[Your assignment] Please write out only the lines from the one containing "Vista dei terrazzi" through the last line of the listing. Do not include pictures.

#### Information provided

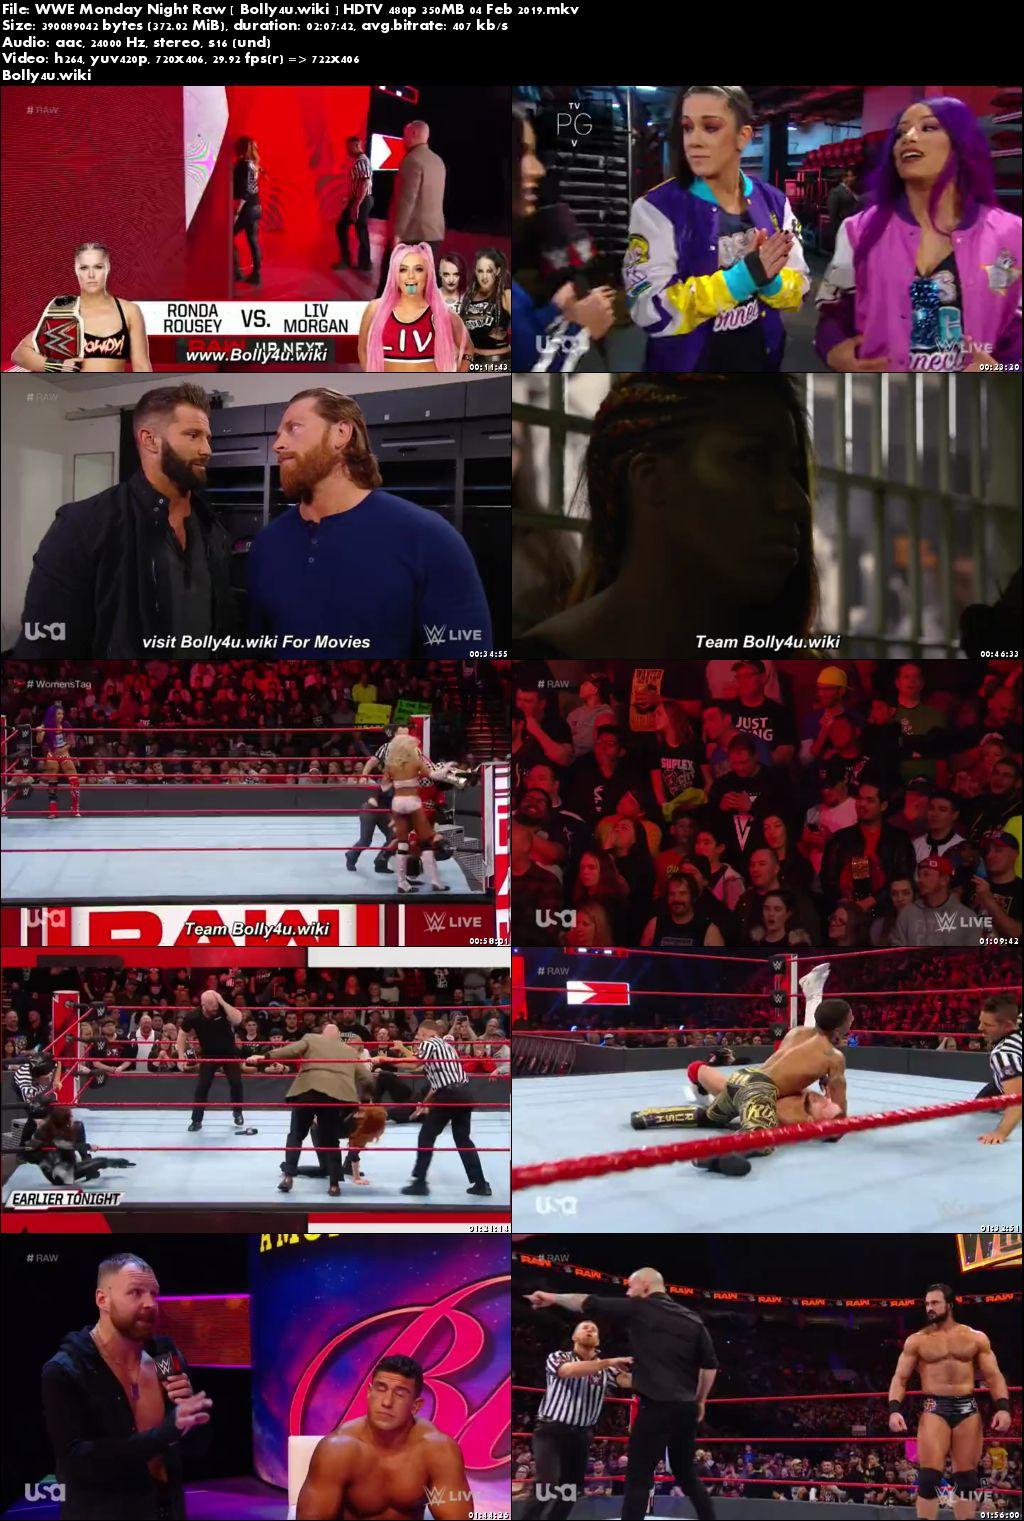 WWE Monday Night Raw HDTV 480p 350MB 04 Feb 2019 Download
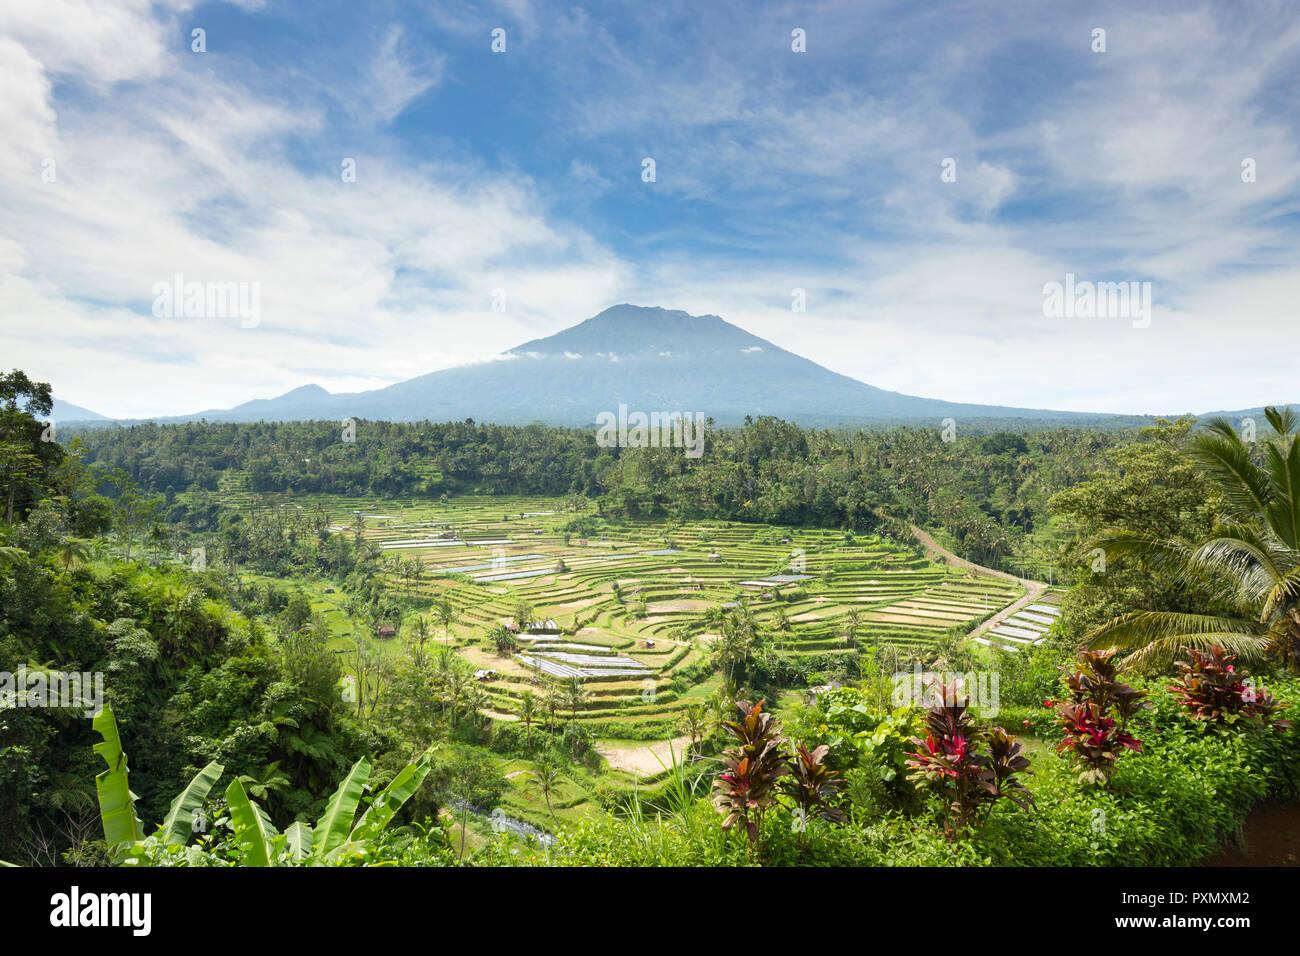 Vista dei terrazzi di riso e Gunung Agung vulcano, Rendang, Bali, Indonesia Immagini Stock
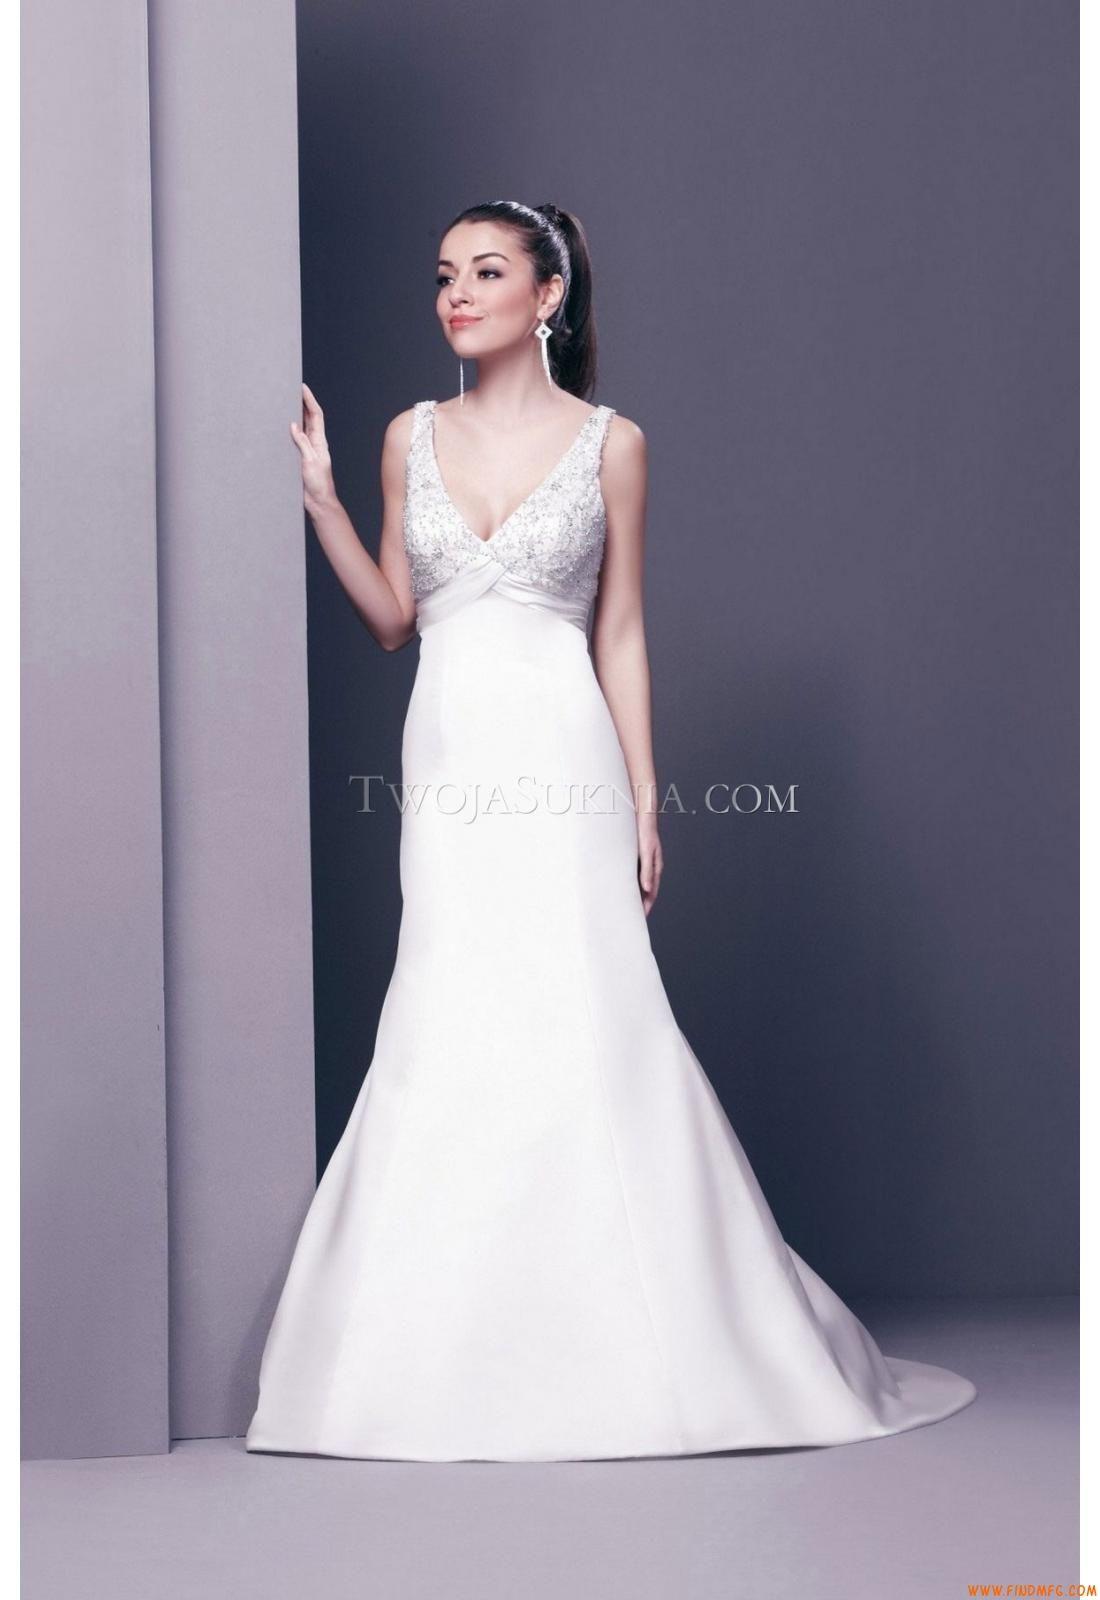 Dresses Bridal Vestidos De Noiva DZage D31103 2012

########

[Exercise solution]
 Vista dei terrazzi di riso e Gunung Agung vulcano, Rendang, Bali, Indonesia Immagini Stock
 Dresses Bridal Vestidos De Noiva DZage D31103 2012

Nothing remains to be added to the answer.